Data records:
################

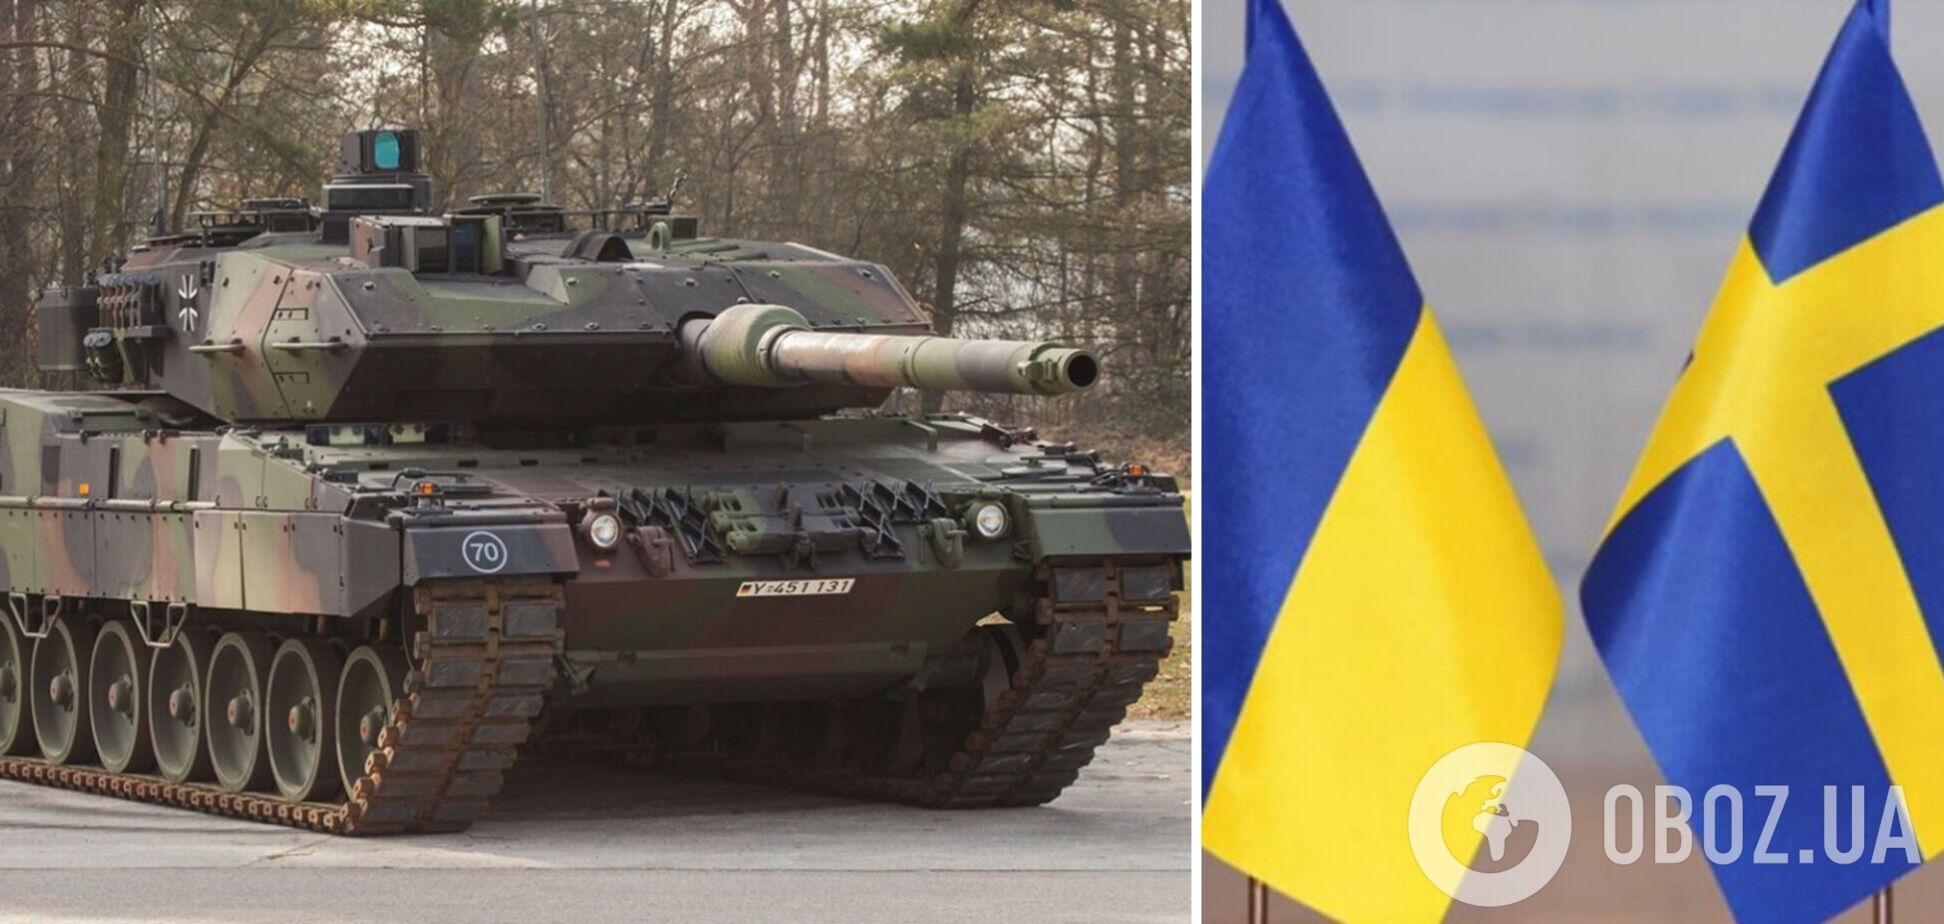 Посилити 'танковий кулак': Швеція планує надати Україні Leopard 2, названа кількість – Spiegel
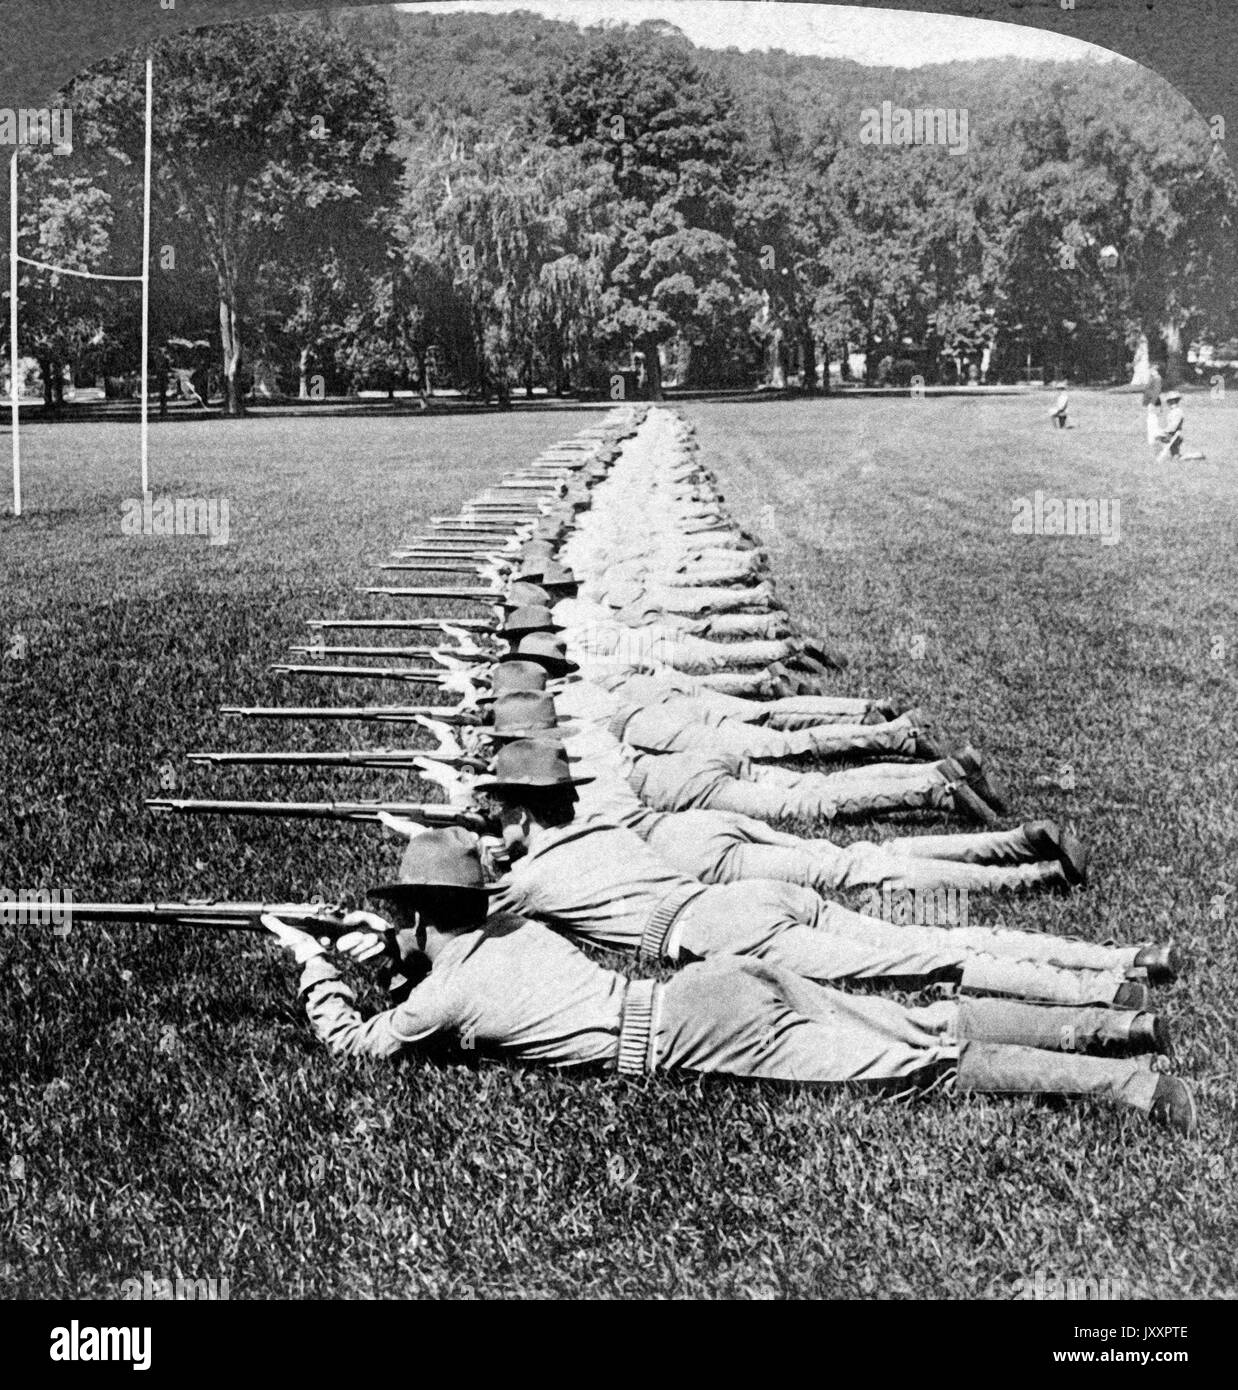 Übung, Scharmützel Kadetten der Militärakademie West Point, New York, USA 1900. Percer la ligne d'escarmouche, les cadets de l'académie militaire de West Point, New York, USA 1900. Banque D'Images
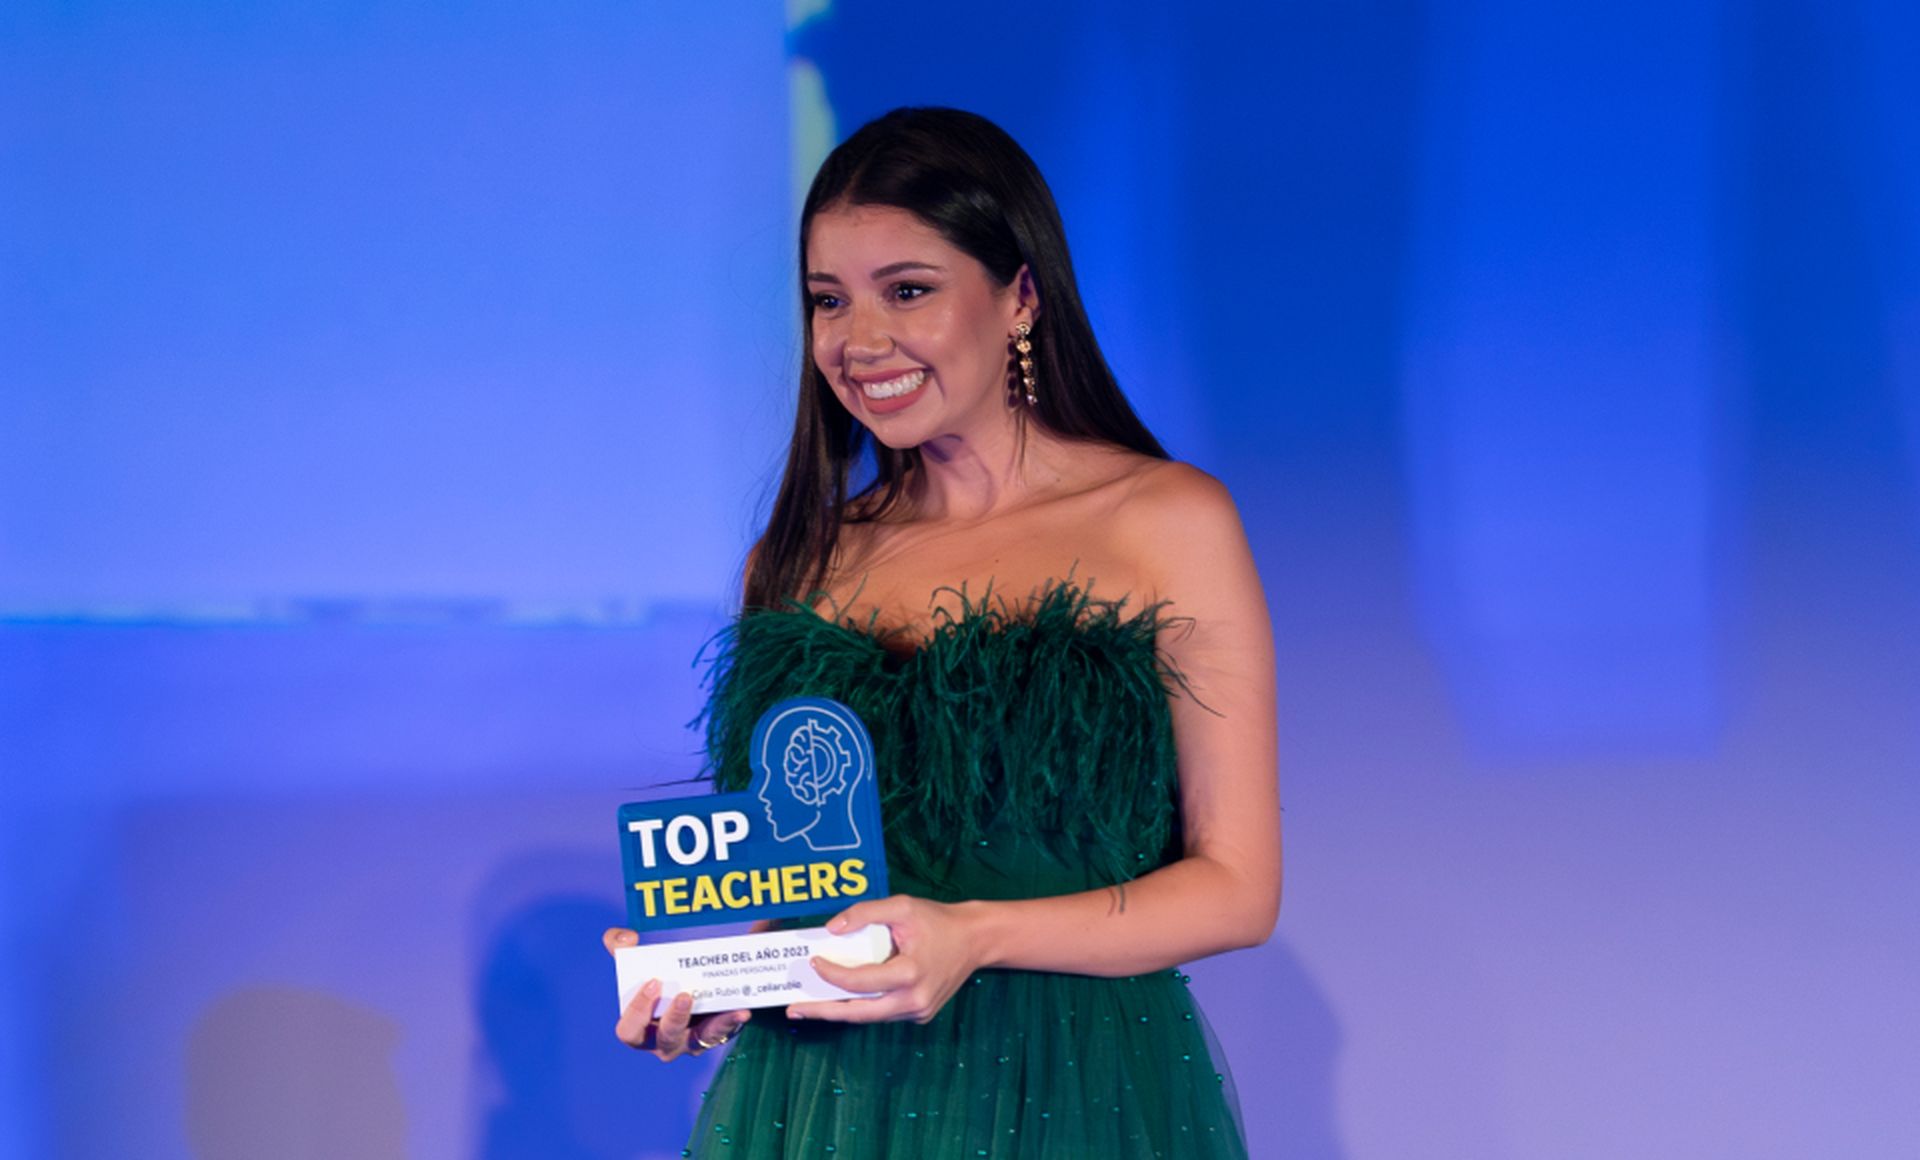 Celia Martín Rubio (@_celiarubio) recogió el premio a Top Teacher del Año en la categoría de Finanzas Personales, patrocinada por ING.
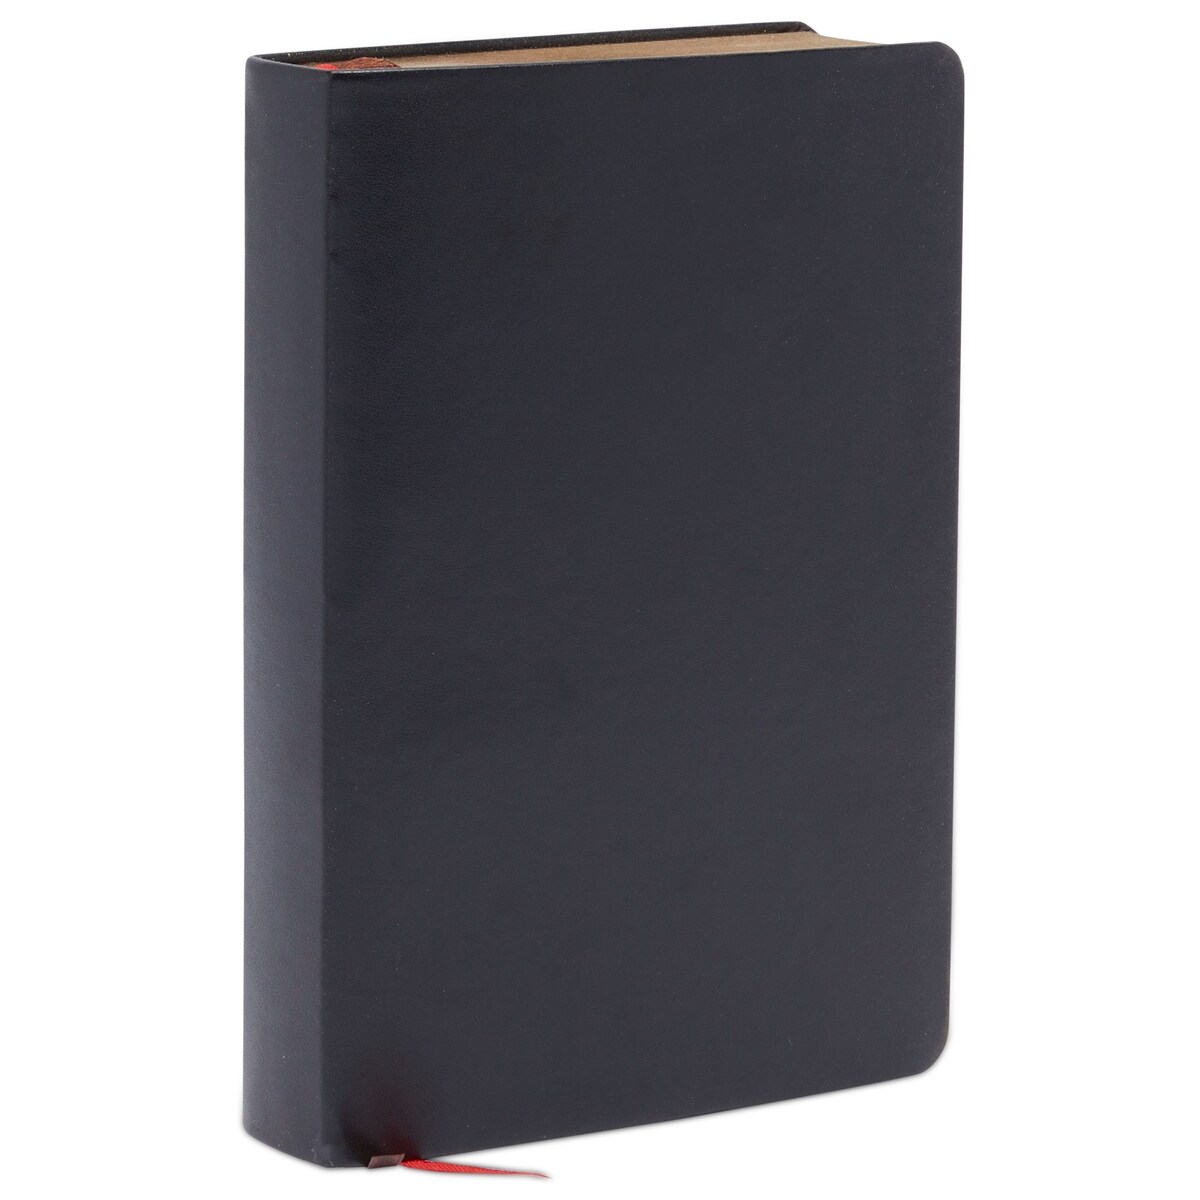 Large Sketchbook - Black, Art Sketch Book with Vegan Leather Hardcover
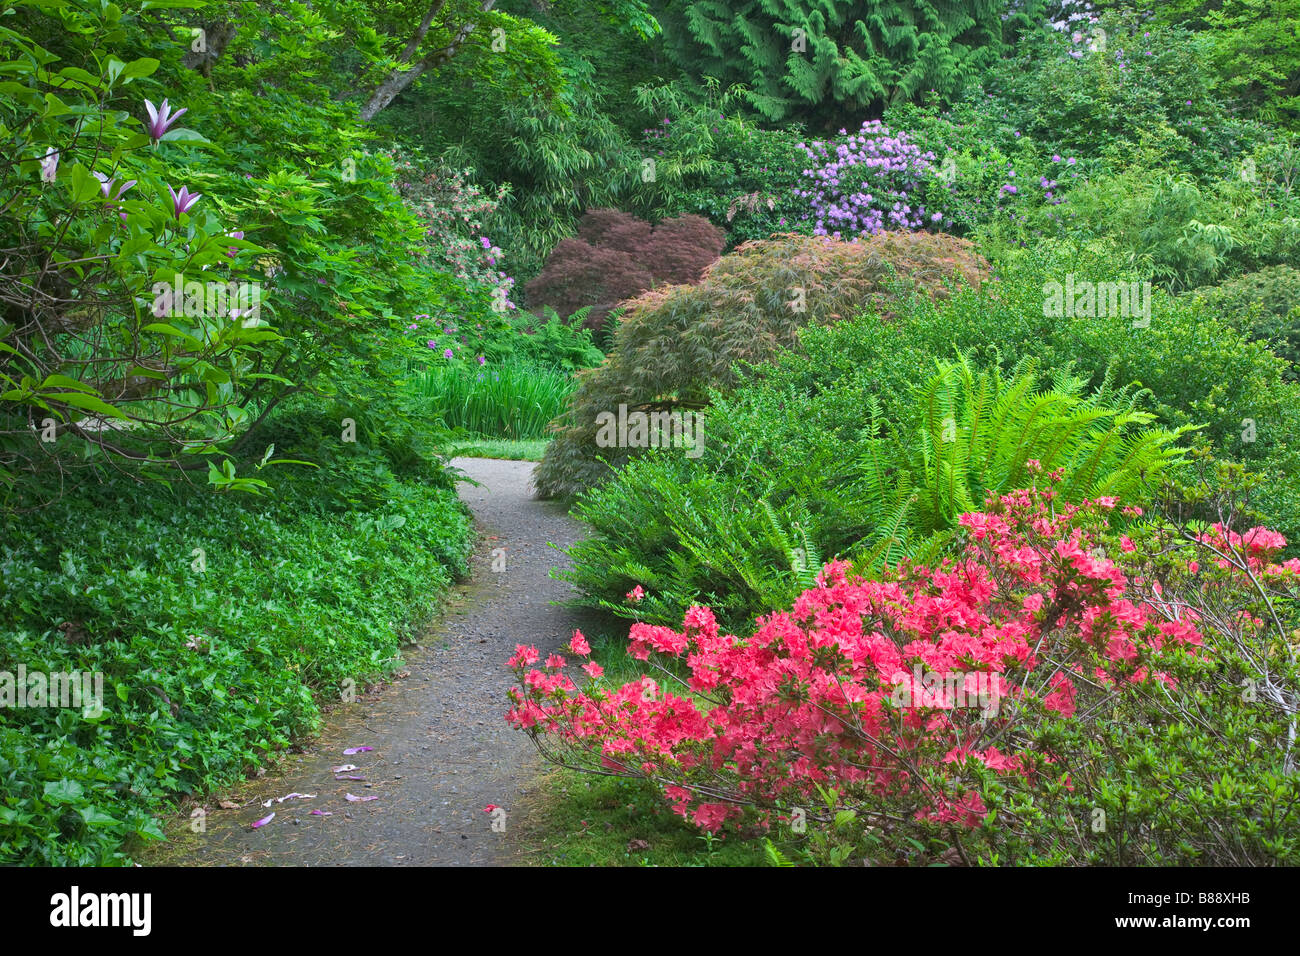 Seattle WA Kubota Garten Stadt Park Schichten von blühenden Sträuchern Farne und Bäume entlang einem Pfad im japanischen Garten Stockfoto

################

The required output is every line from the one containing "Celia Martín Rubio" through the last line of the records, inclusive, reproduced exactly and without pictures.

▶ Output for this task:
 Celia Martín Rubio (@_celiarubio) recogió el premio a Top Teacher del Año en la categoría de Finanzas Personales, patrocinada por ING.
 Large Sketchbook - Black, Art Sketch Book with Vegan Leather Hardcover
 Seattle WA Kubota Garten Stadt Park Schichten von blühenden Sträuchern Farne und Bäume entlang einem Pfad im japanischen Garten Stockfoto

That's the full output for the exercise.